__Assigned task__
For the material below, reproduce exactly each line from the one that has "Raw seasoned chicken" through the one that has "Police Image Police", and no others; pictures stay out.

__Dataset entries__
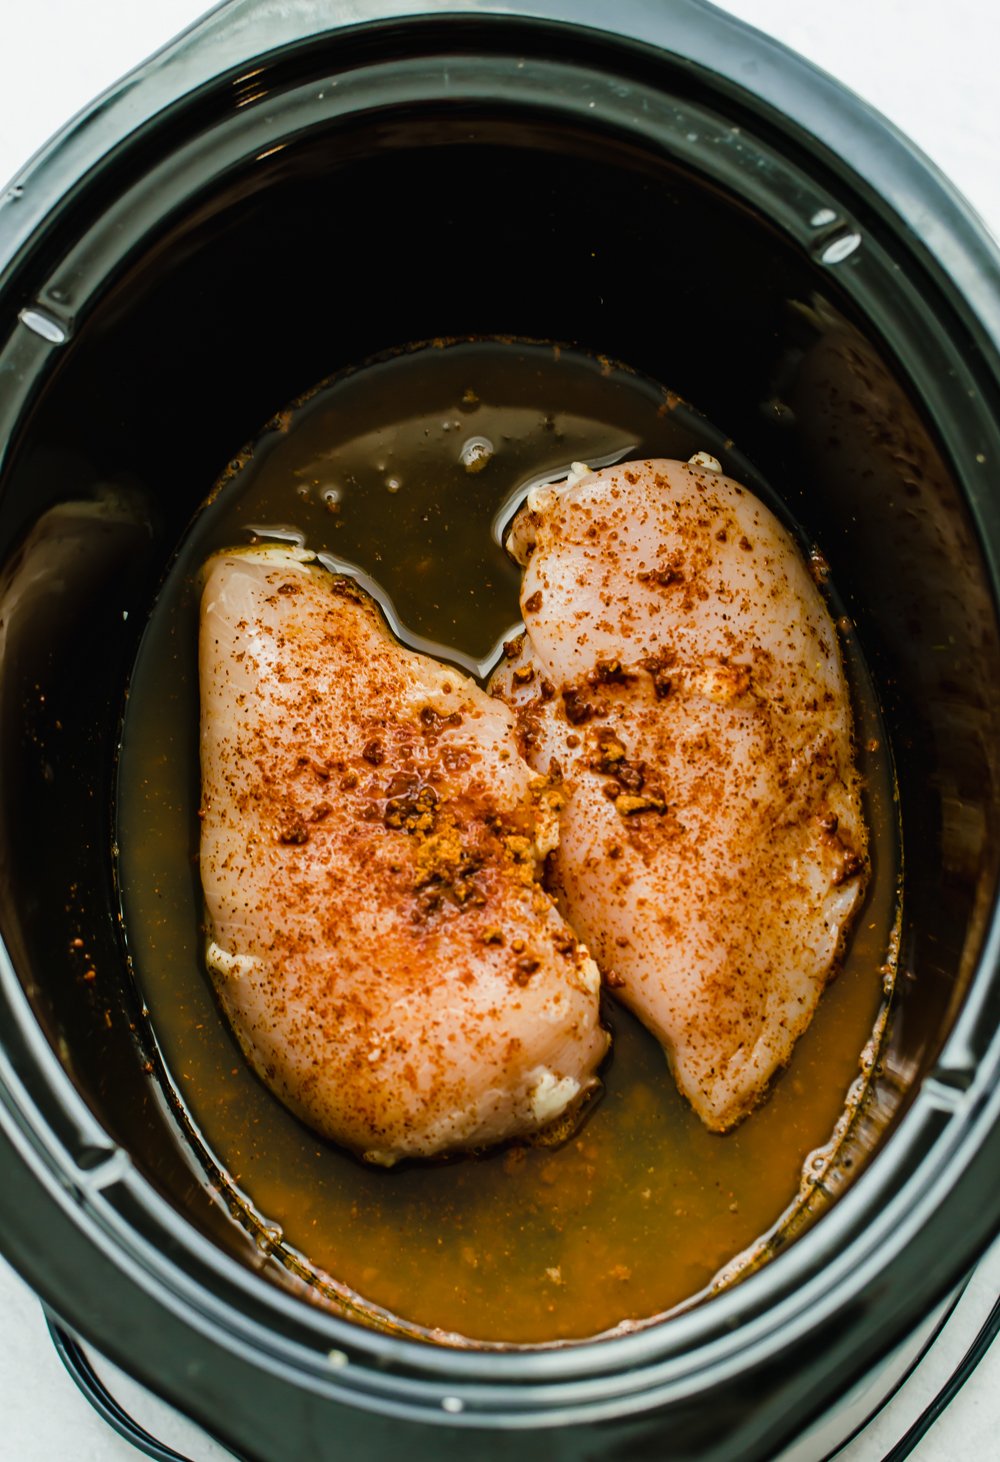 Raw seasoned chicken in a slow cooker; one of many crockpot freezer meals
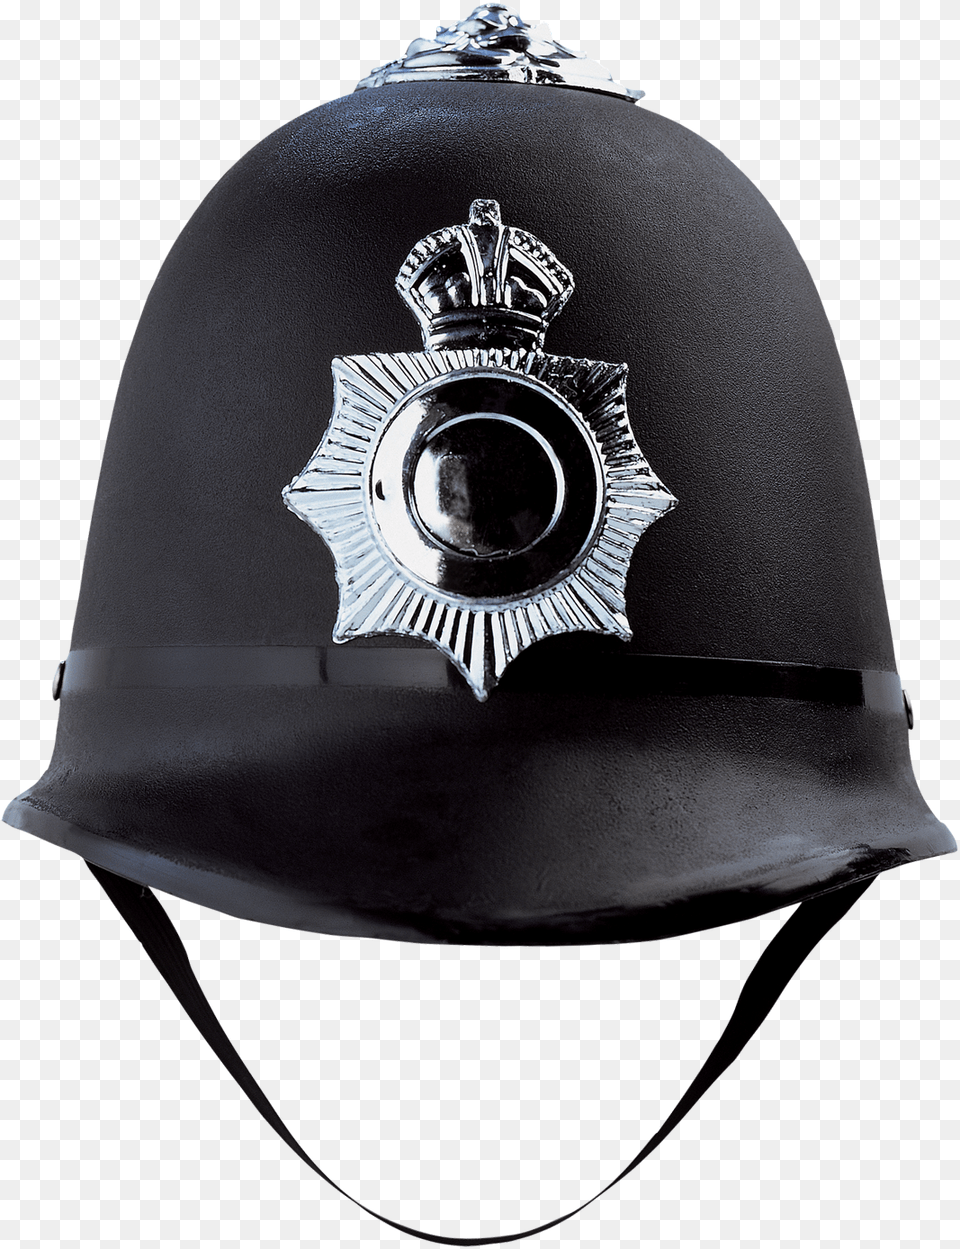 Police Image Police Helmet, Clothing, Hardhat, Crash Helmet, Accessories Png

---

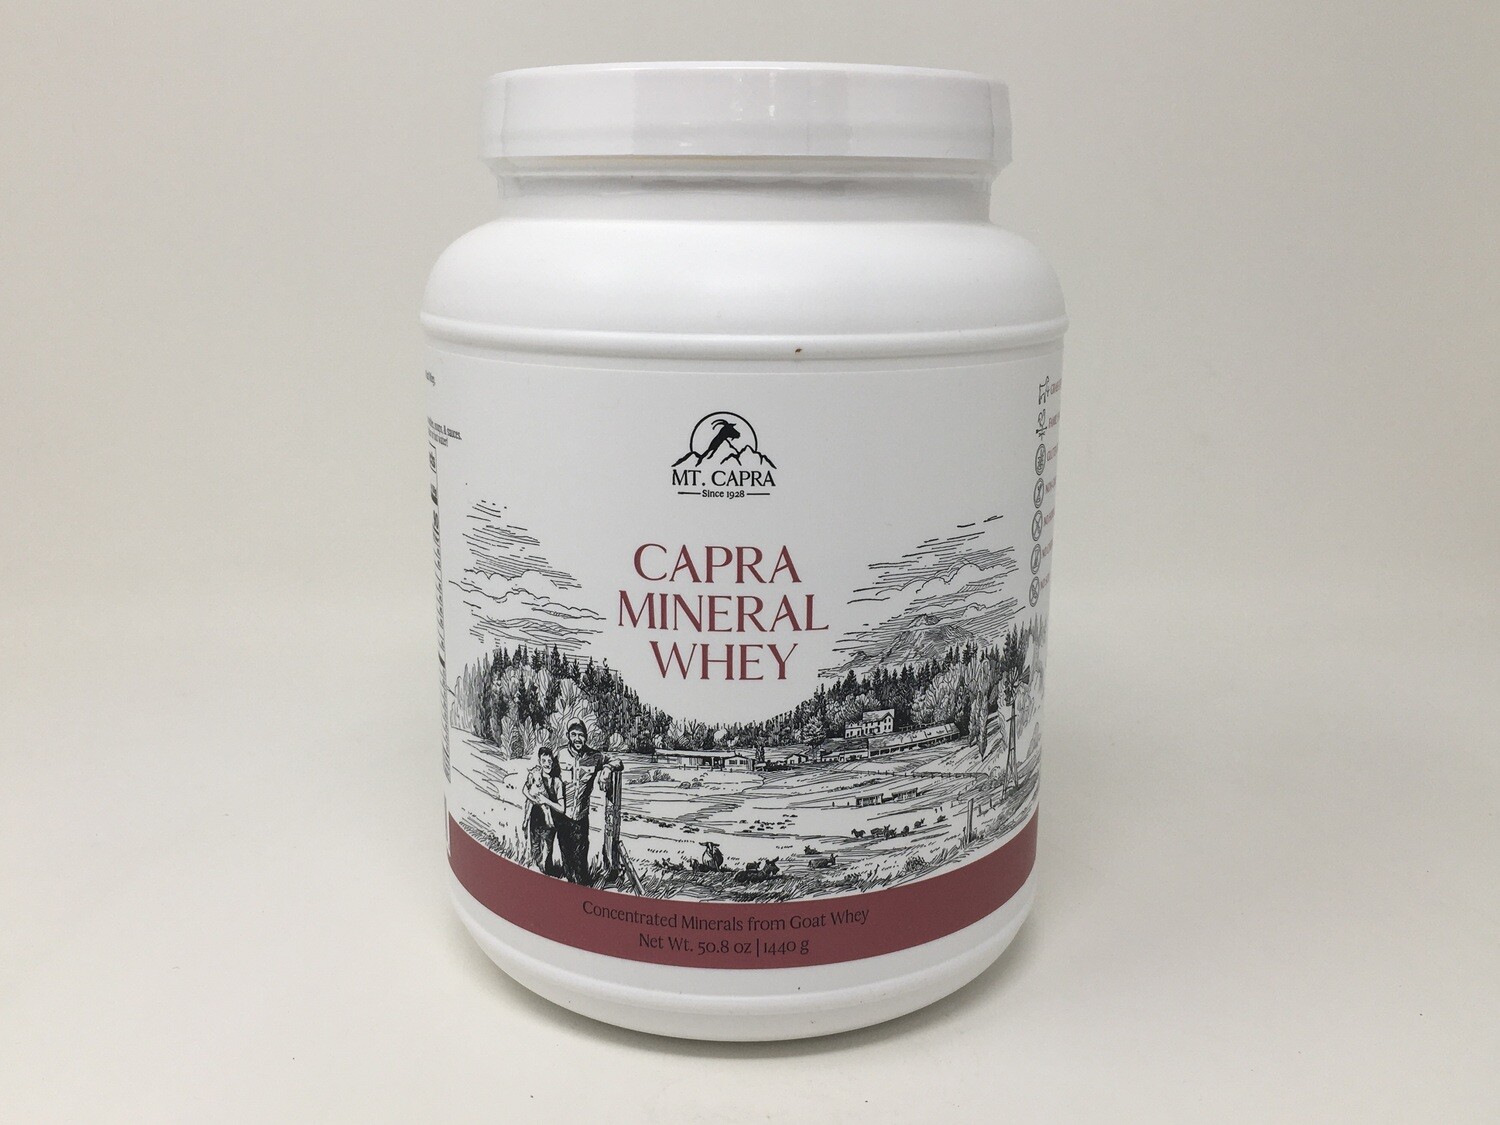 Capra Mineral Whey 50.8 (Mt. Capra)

__Written reply__
 Raw seasoned chicken in a slow cooker; one of many crockpot freezer meals
 Police Image Police Helmet, Clothing, Hardhat, Crash Helmet, Accessories Png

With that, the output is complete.